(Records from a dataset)

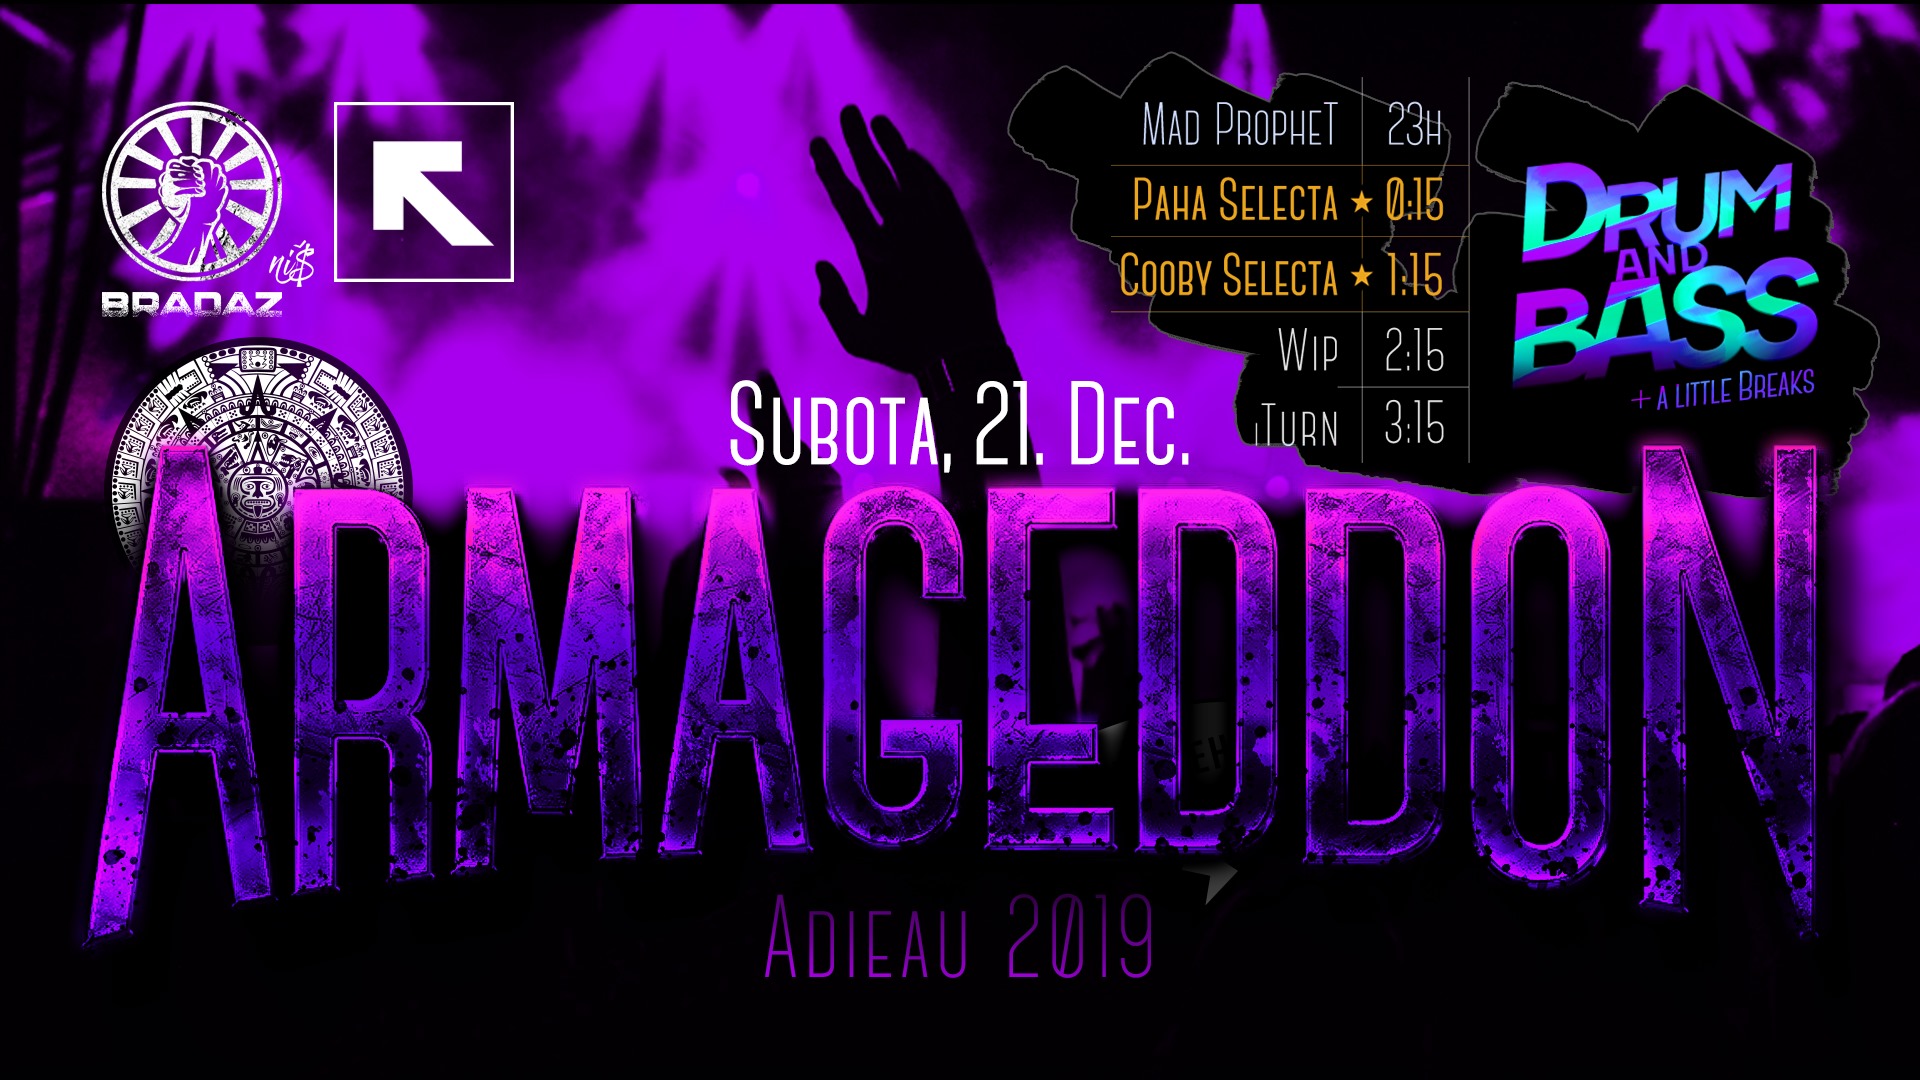 Bradaz - Armageddon Adieau 2019 - 21. Dec. - Feedback
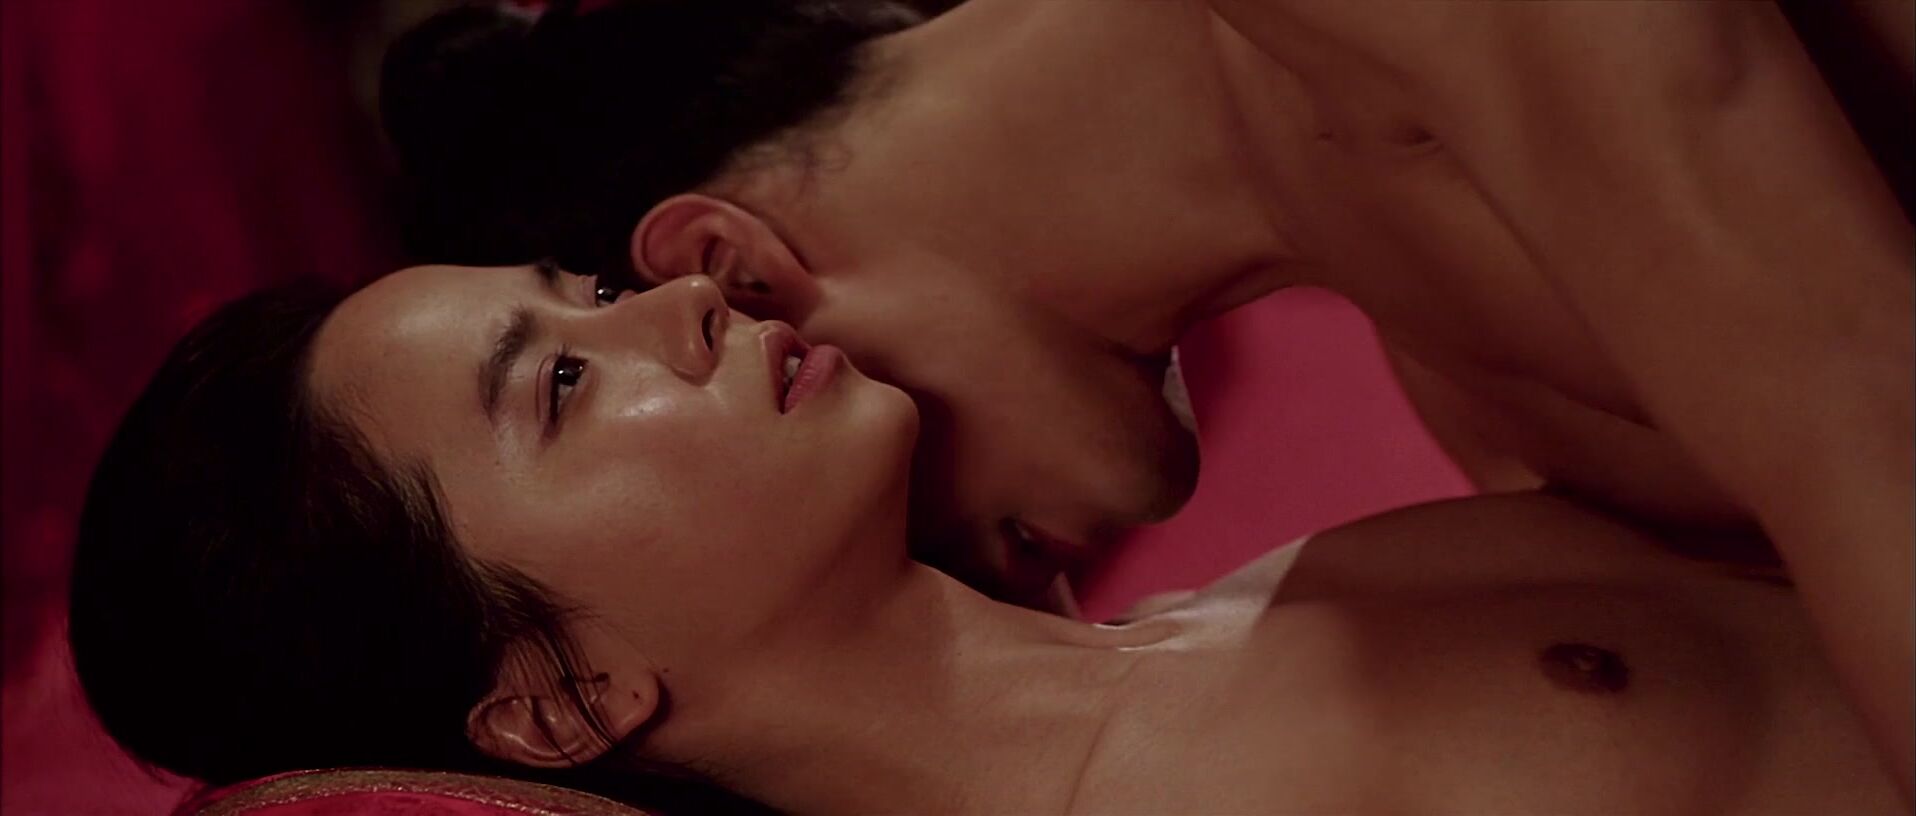 A Frozen Flower movie sex scene starring Song Ji-hyo nude in role of the  queen (2008) Video » Best Sexy Scene » HeroEro Tube
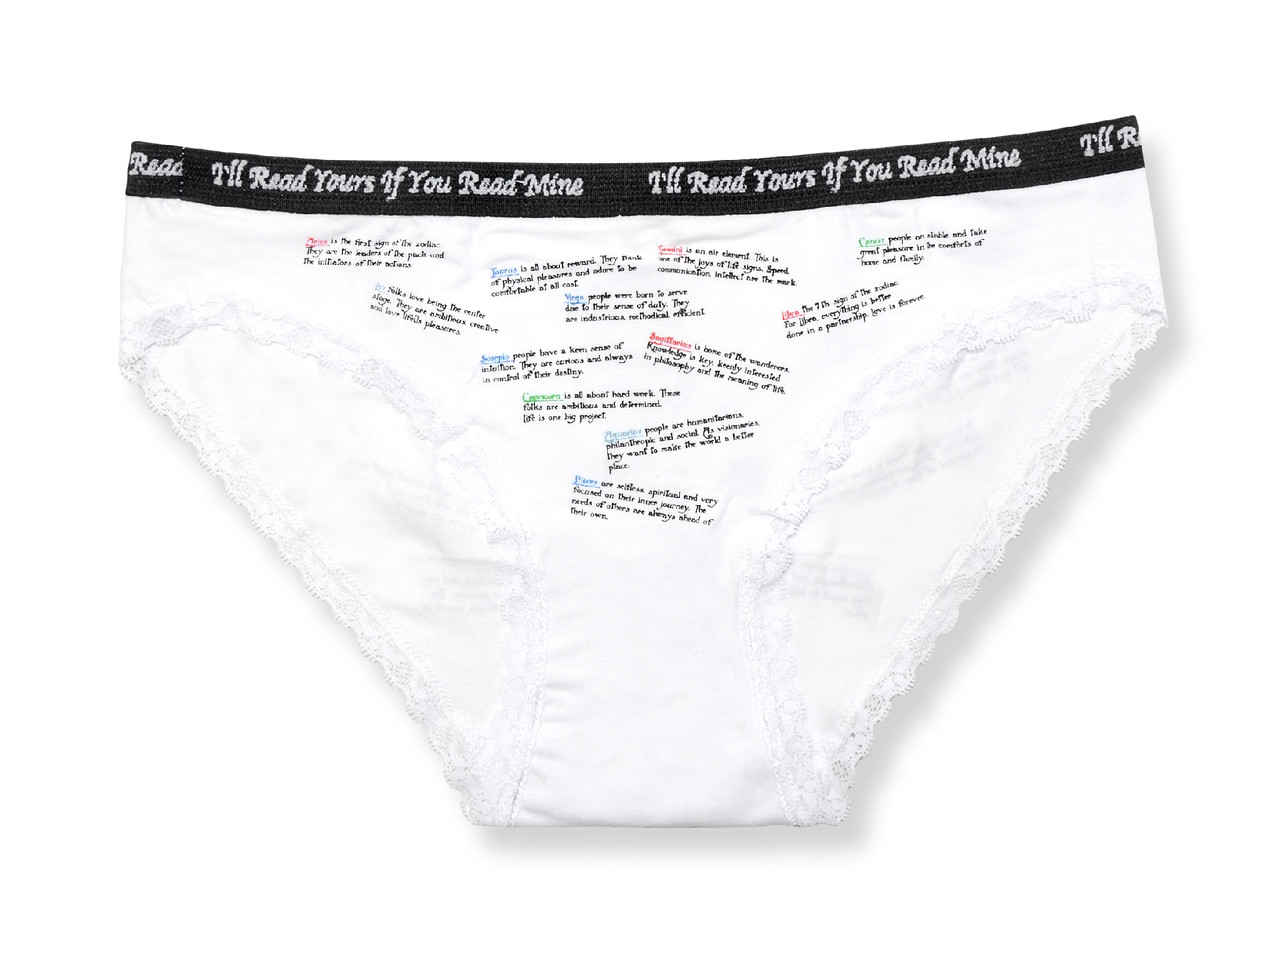 ICON Brief, ThePack Underwear
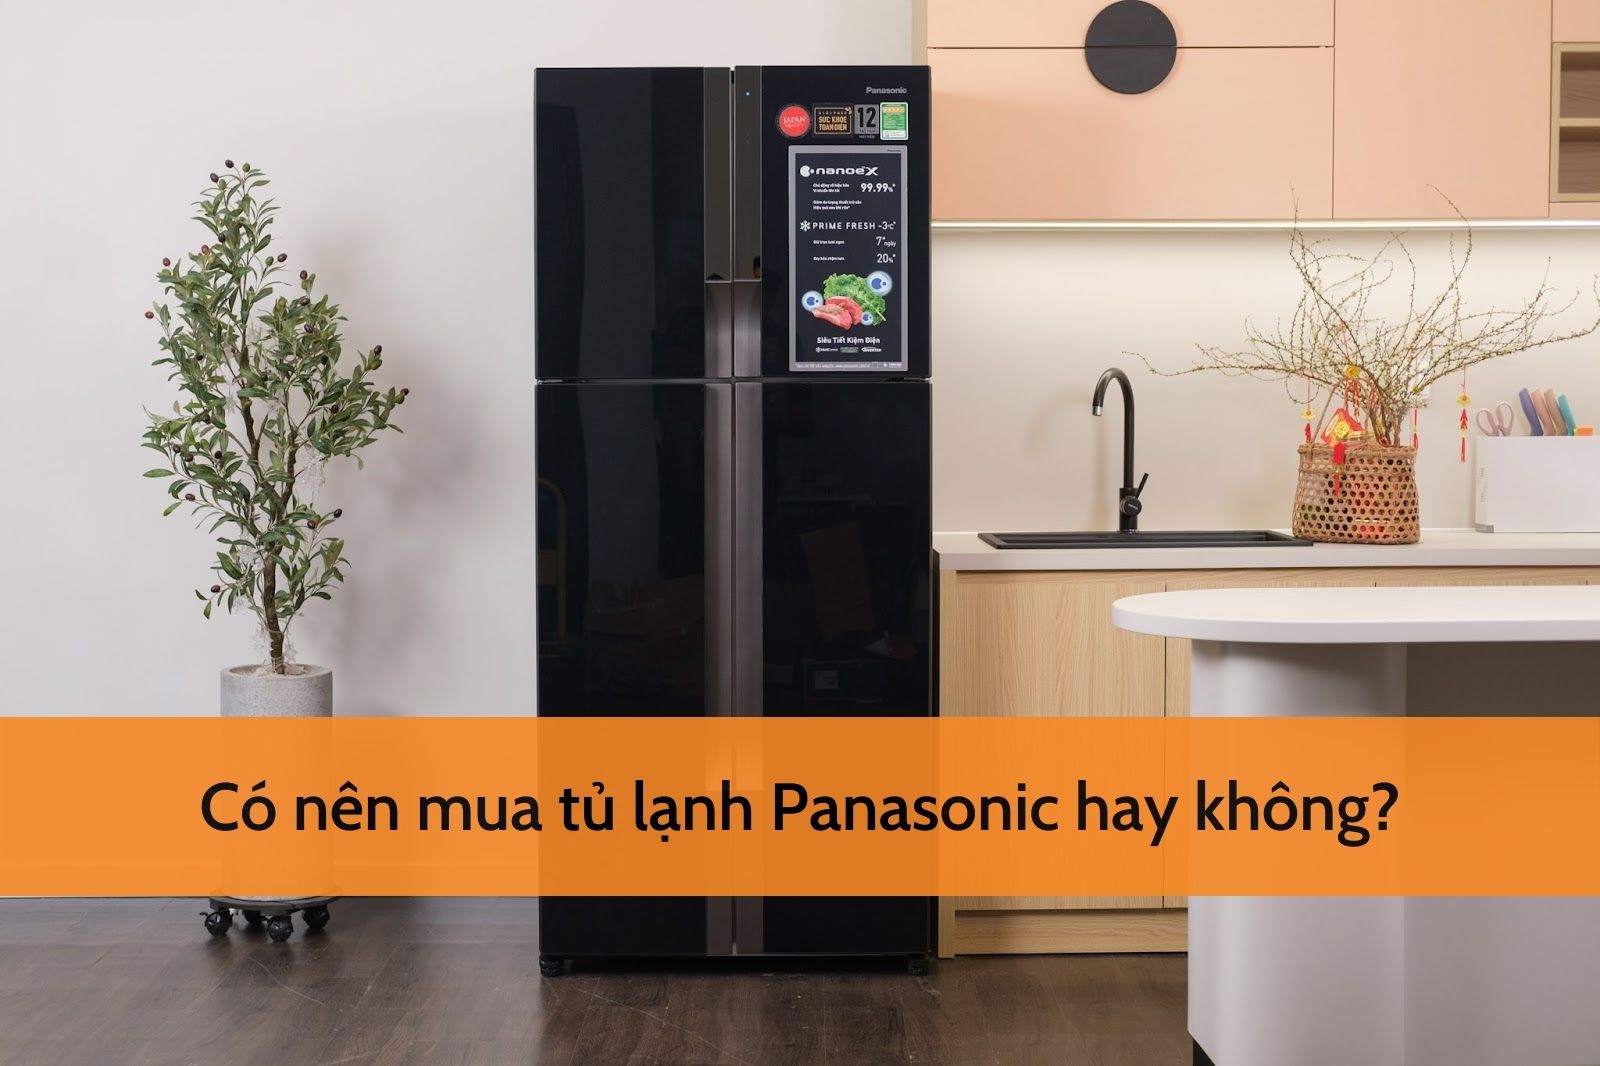 Có nên mua tủ lạnh Panasonic không là thắc mắc chung của nhiều người
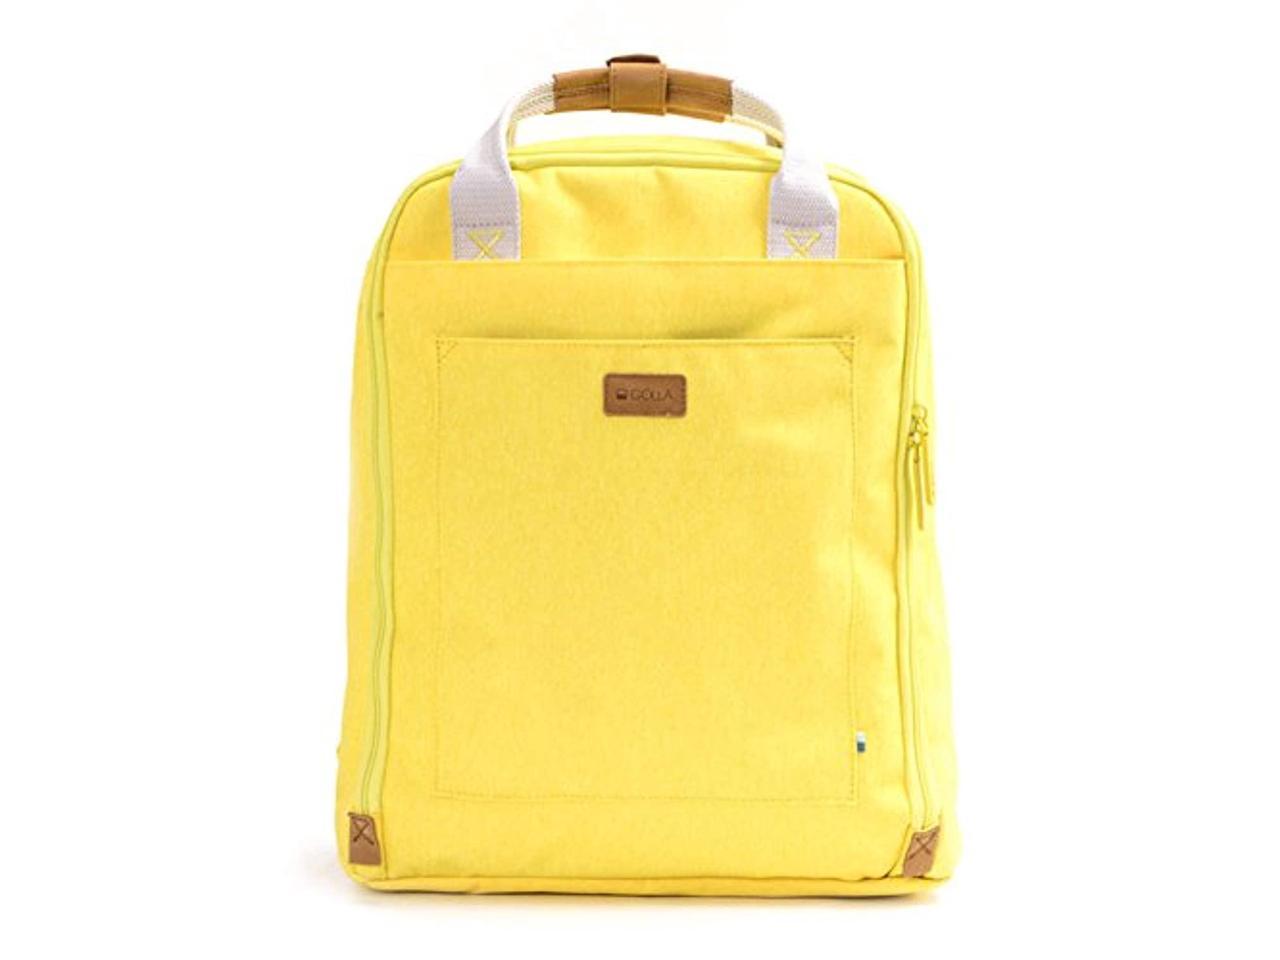 Pitbull Dog Classic Fashion 15 Inch Laptop Bag Large Capacity Unisex Travel Backpack

Work request:
Copy the data word for word and omit every picture.

Problem solution:
 Bradaz - Armageddon Adieau 2019 - 21. Dec. - Feedback
 A Frozen Flower movie sex scene starring Song Ji-hyo nude in role of the  queen (2008) Video » Best Sexy Scene » HeroEro Tube
 ICON Brief, ThePack Underwear
 Có nên mua tủ lạnh Panasonic không là thắc mắc chung của nhiều người
 Pitbull Dog Classic Fashion 15 Inch Laptop Bag Large Capacity Unisex Travel Backpack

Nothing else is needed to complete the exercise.